On the Pacific Ocean all the foreign vessels are formed into combines and conferences, the same as they are on the Atlantic. All agree on freight rates. There is absolutely no competition. All of them give rebates and other advantages to their patrons. The Japanese, English, and German lines are the principal lines in the conference on this ocean. The Japanese lines seem to largely control this conference on the Pacific, as the German lines control the conferences on the Atlantic.

However, evidence of the details of the workings of those lines is not very complete. The investigation to which I have referred does not cover these lines so thoroughly. These conferences on the Pacific control shipping of all ports on that ocean, including the Philippines.

The American ships on the Pacific Ocean in the transoceanic trade are probably parties to these Pacific conferences.

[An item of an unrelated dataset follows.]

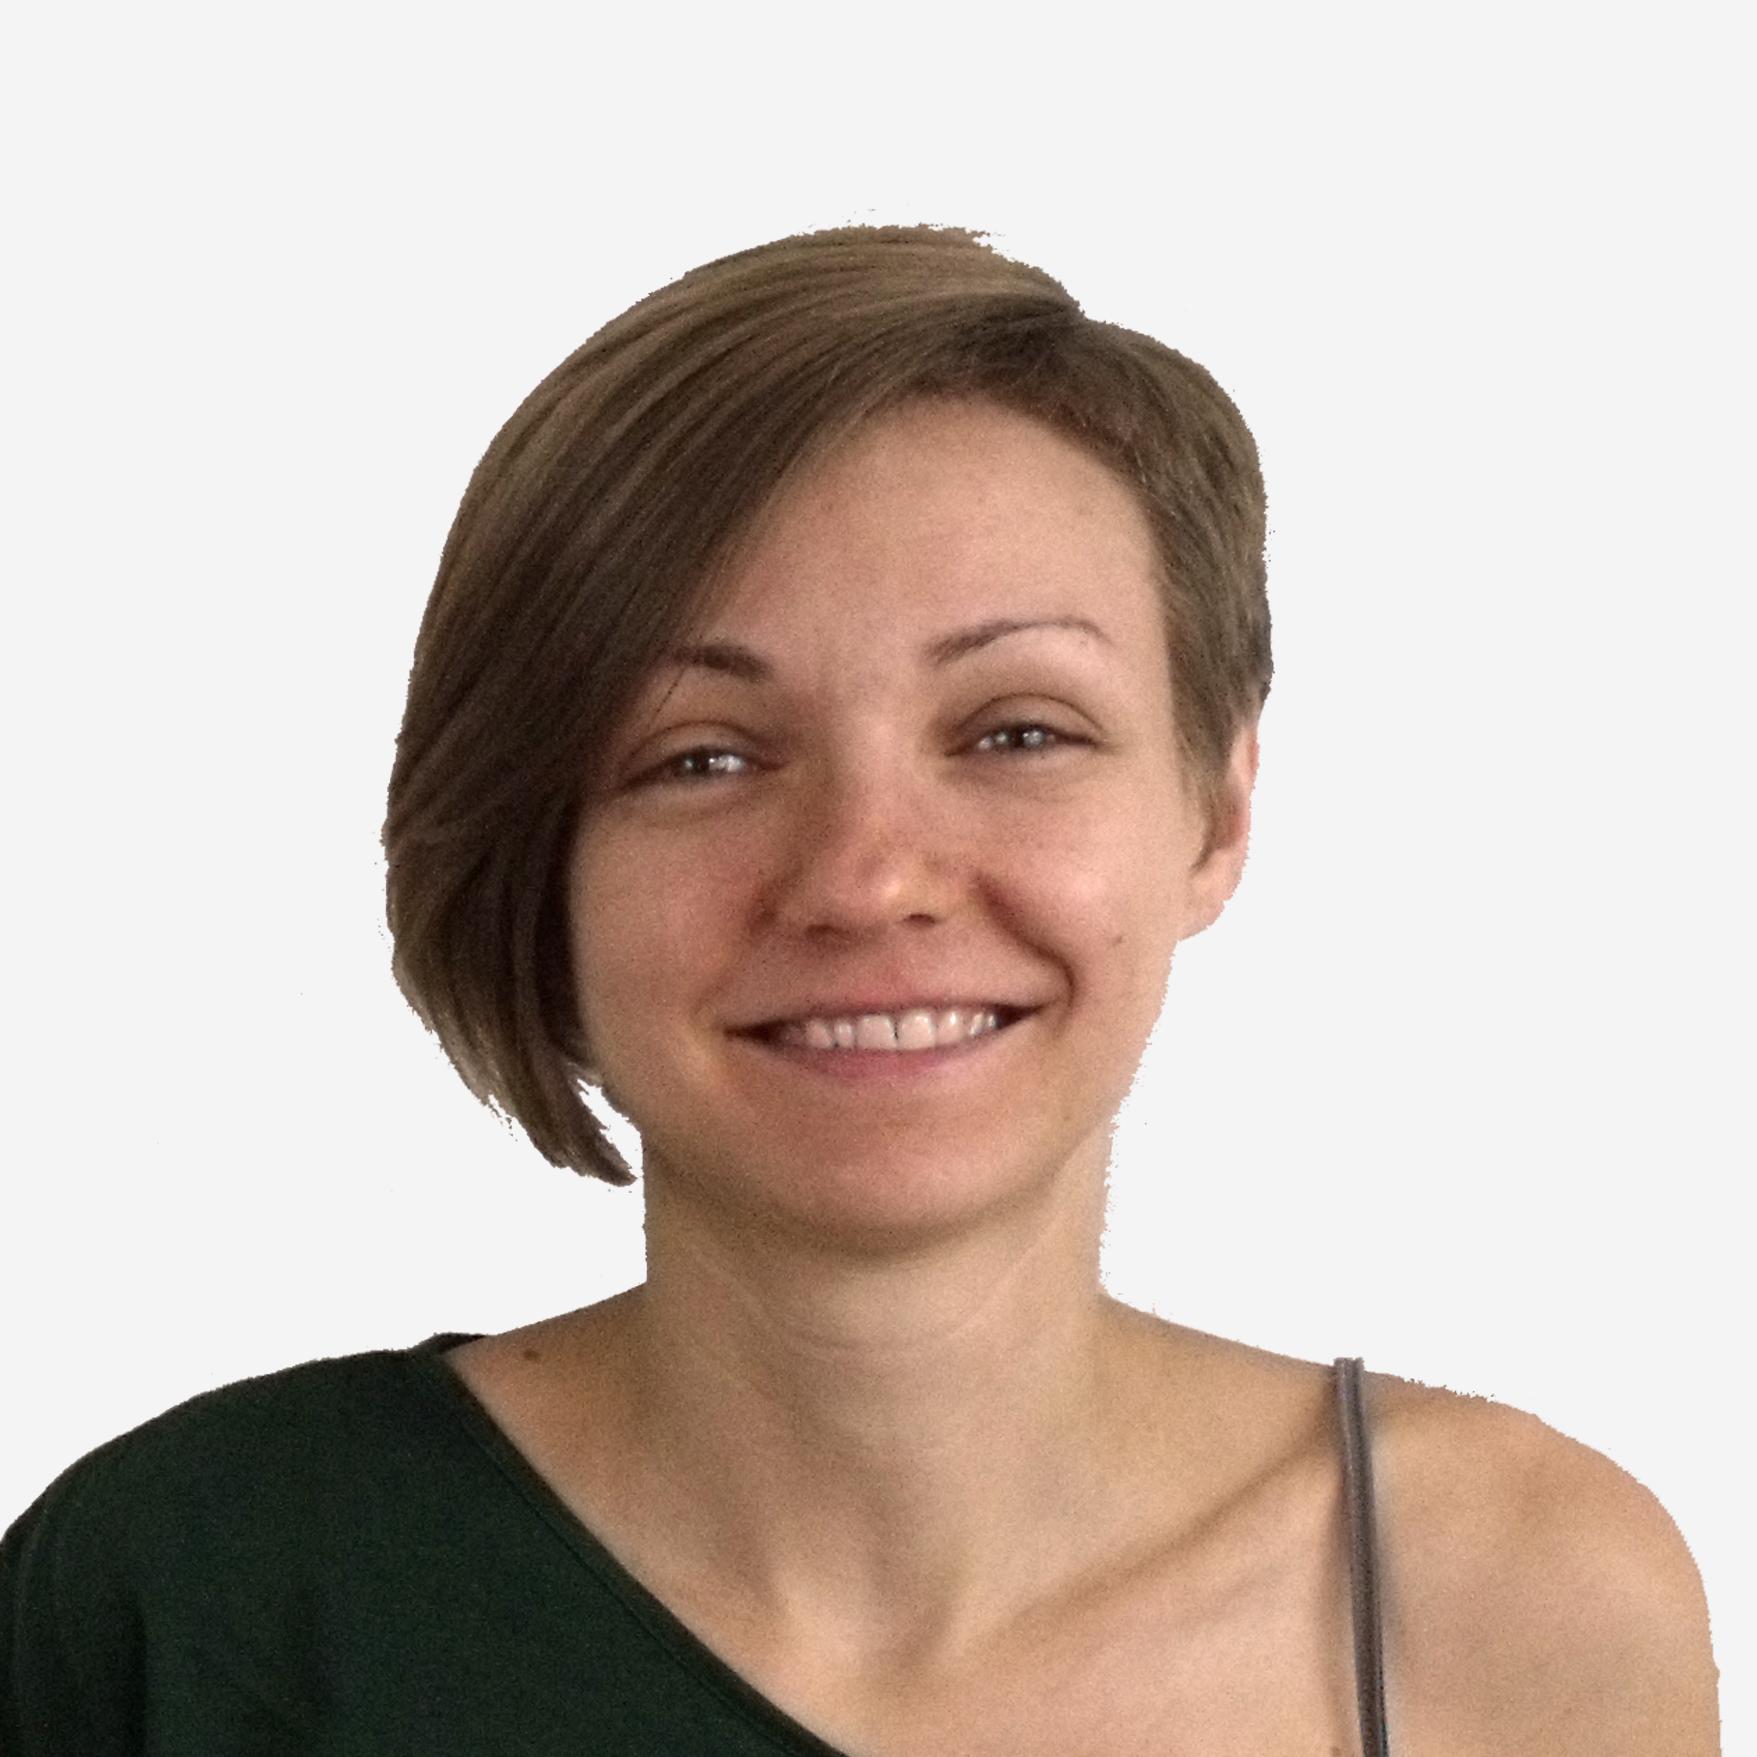 Molnár-Katalin

Not only do these conferences control rates on the Pacific Ocean and give rebates, but, by a contract between the transcontinental railways of this country and these conferences, controlled by Japanese lines, these Japanese lines fix the freight rates not only on the Pacific Ocean, but in the United States on the railways. Japanese foreign steamship lines to-day absolutely dictate the freight rates from any portion of the United States to and from Pacific ports anywhere on that ocean. These contracts have been made with the great transcontinental railway lines and extend over a period of years. The Great Northern, the Northern Pacific, the Milwaukee, and other lines running to Seattle have traffic agreements of this character with the Japanese lines that come to that port. The railroad lines running into San Francisco have siimlar arrangements with Japanese lines running to that port.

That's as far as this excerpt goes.